What to produce.
Repeat exactly the lines below, from the line containing "Adidas Padel Noir" through the last line, both included. Leave out any pictures.

Data below.
==============================

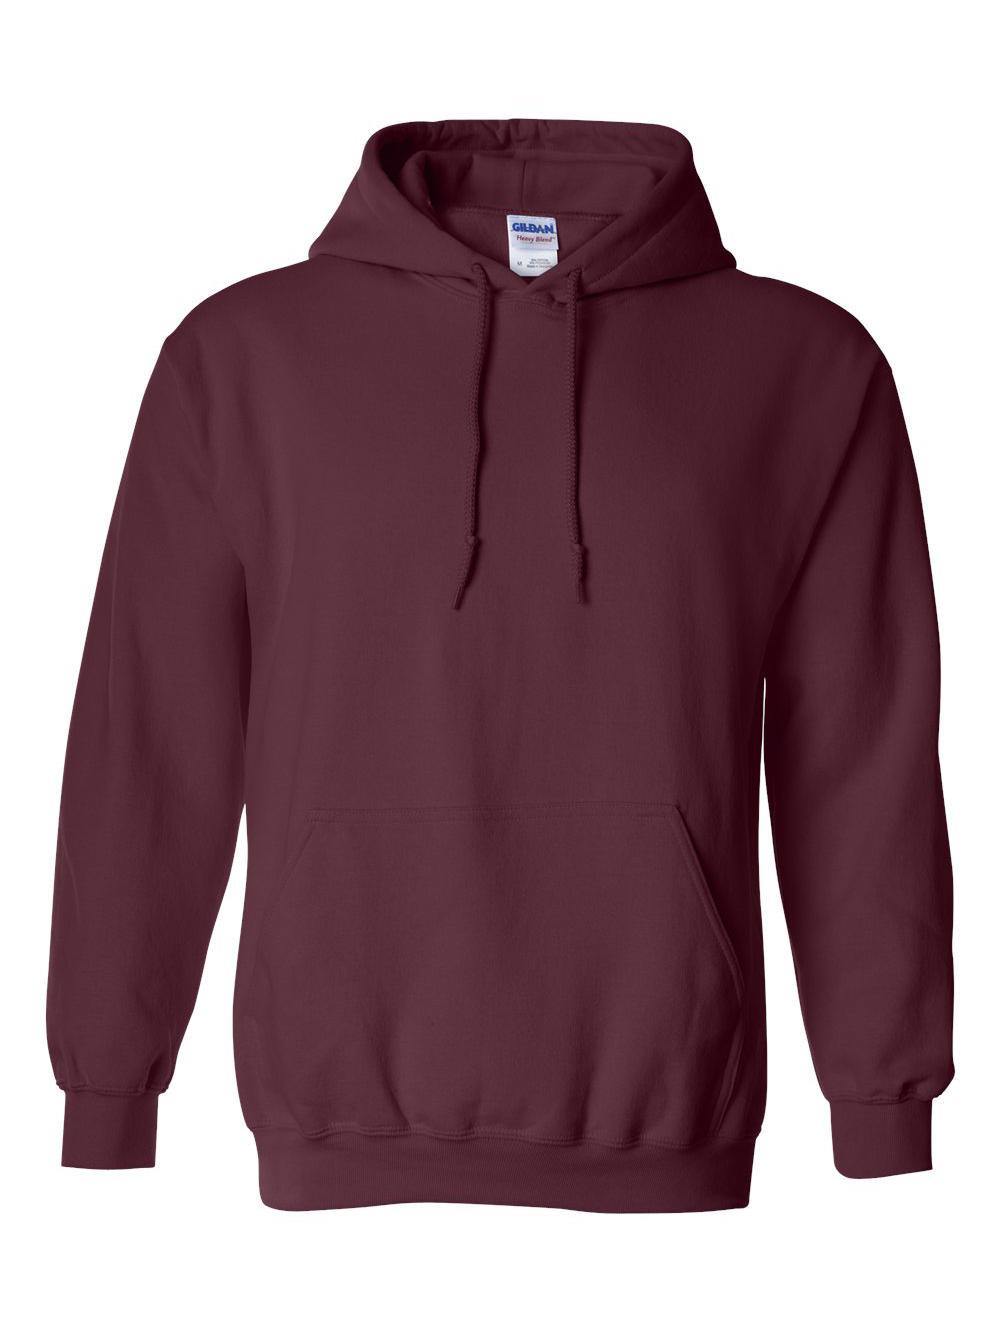 Gildan-Heavy-Blend-Hooded-Sweatshirt-18500 miniatura 78
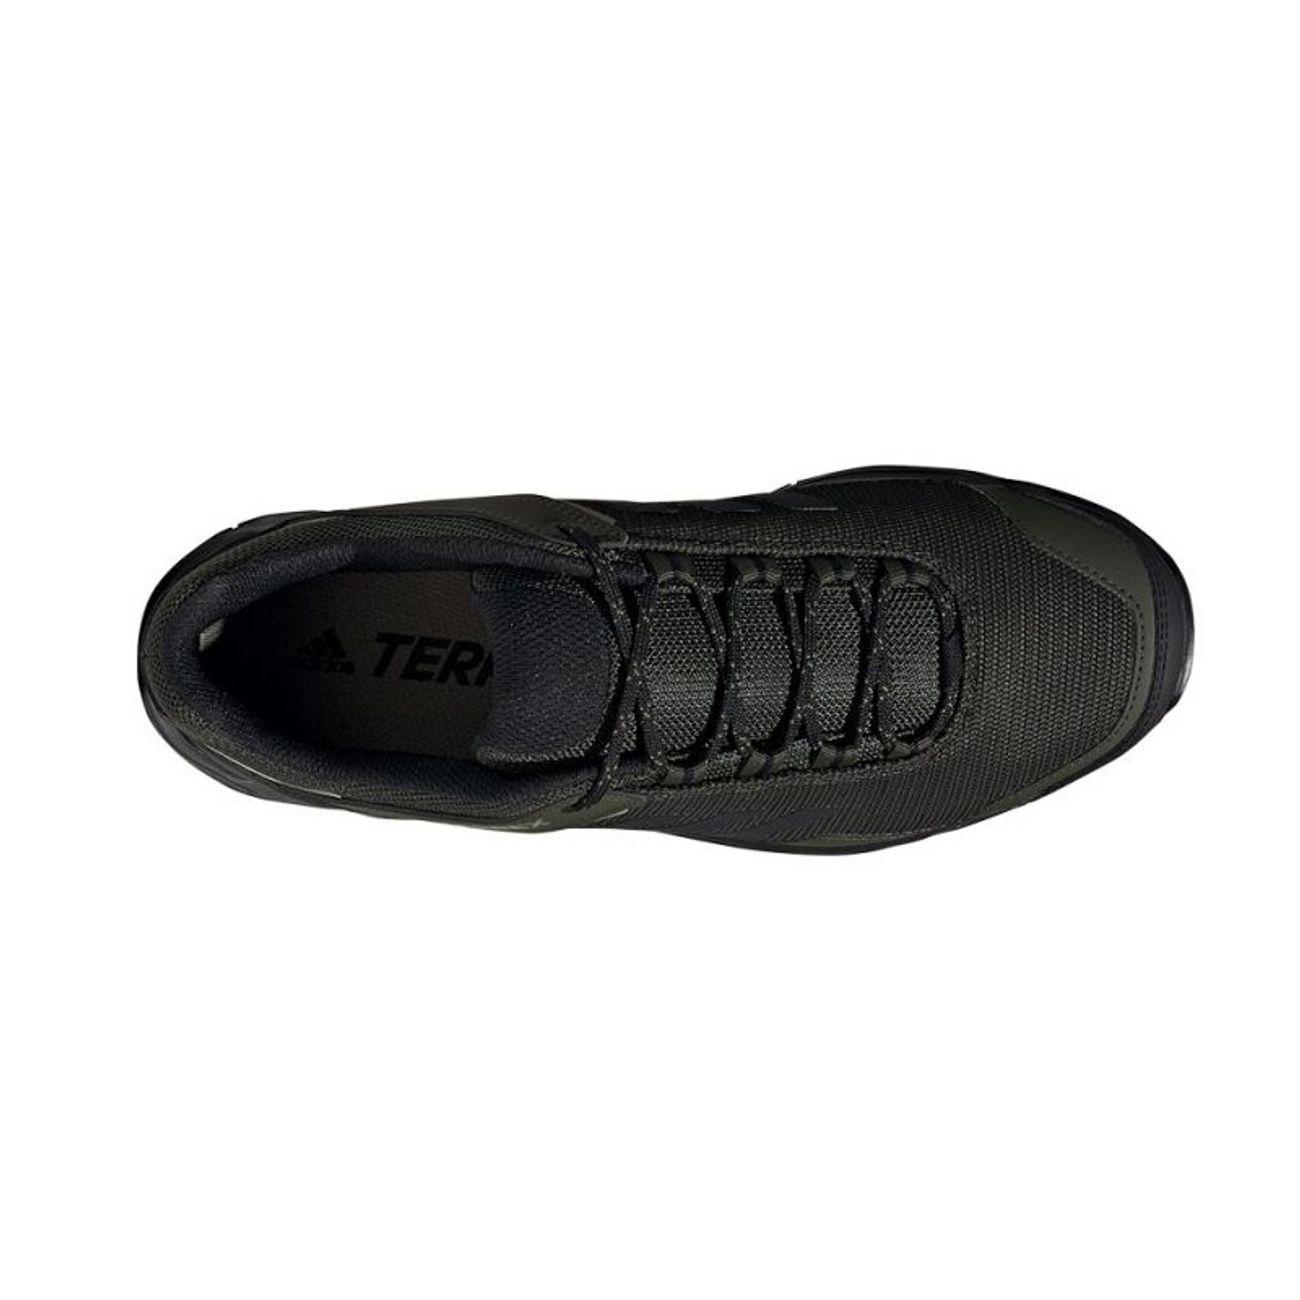 Adidas Padel Noir Bc0974 Terrex Adulte Eastrail Vert LzMjqSUVpG
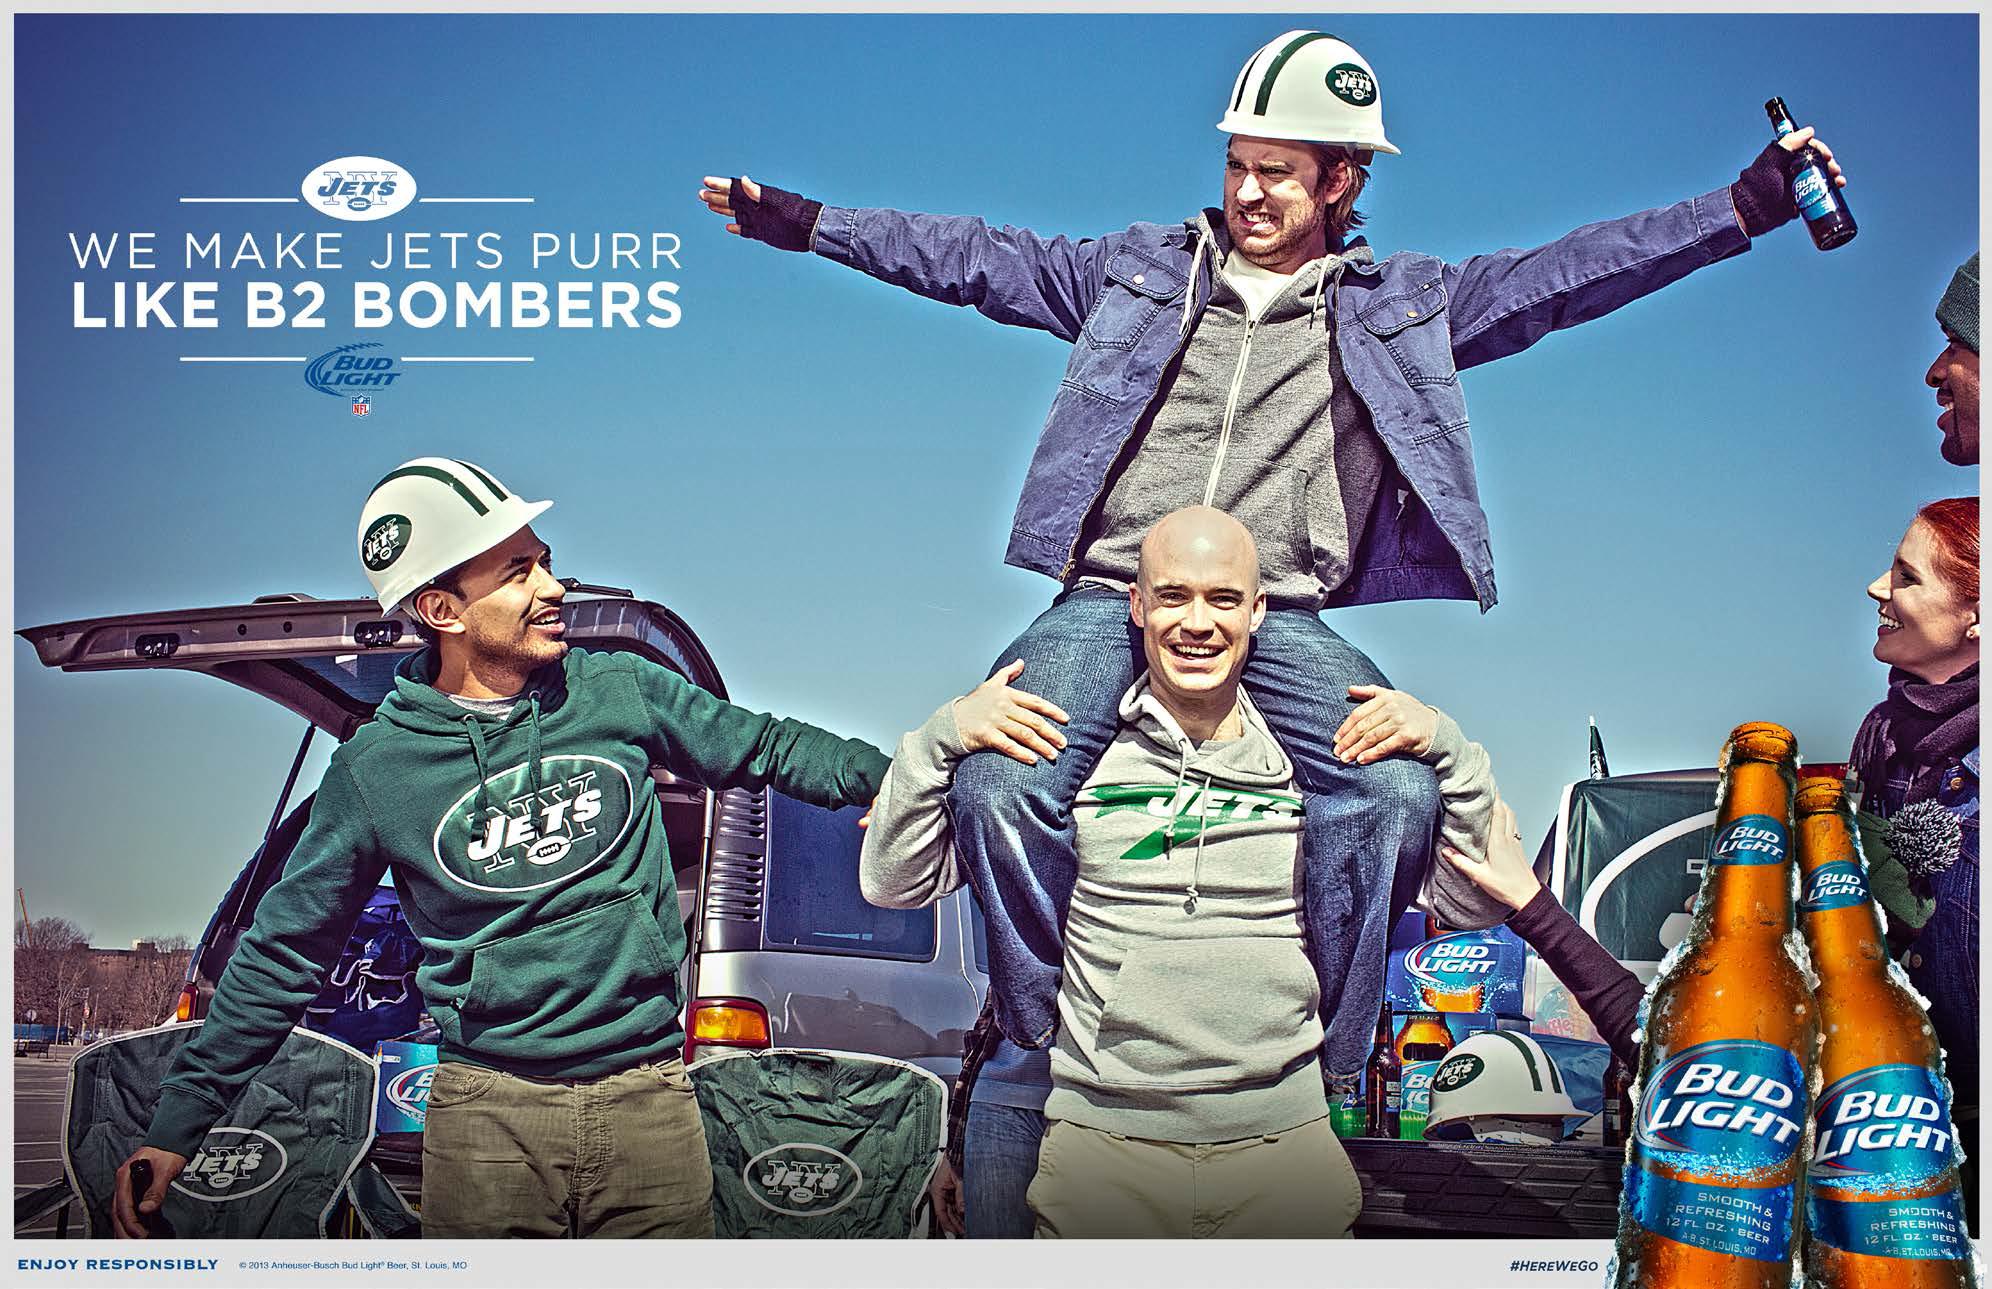 b2bombers
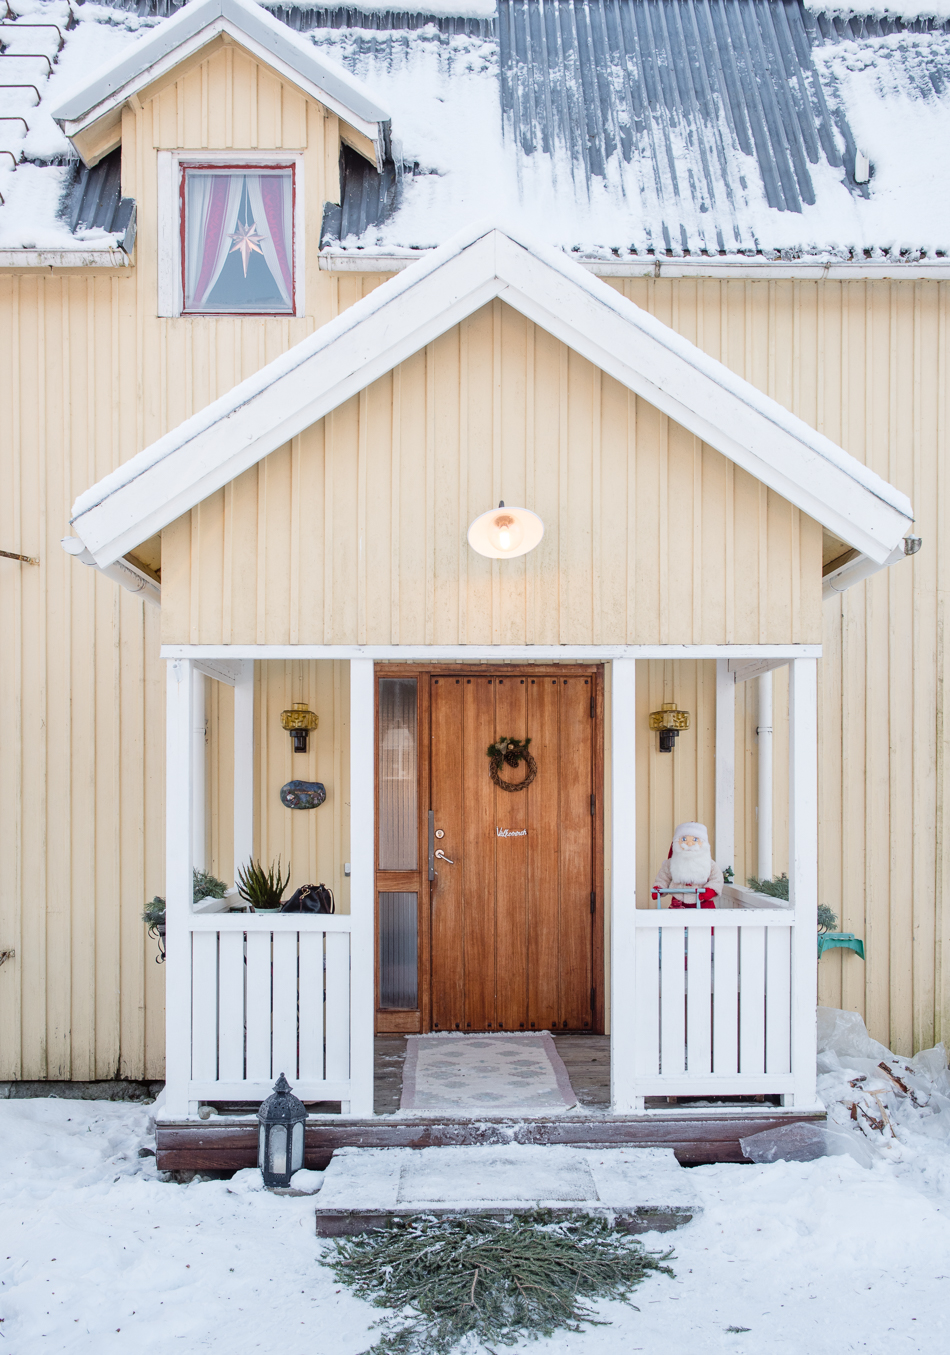 sweden-snow-blog-hannah-wilson-4

==============================

Task output.
 Adidas Padel Noir Bc0974 Terrex Adulte Eastrail Vert LzMjqSUVpG
 b2bombers
 sweden-snow-blog-hannah-wilson-4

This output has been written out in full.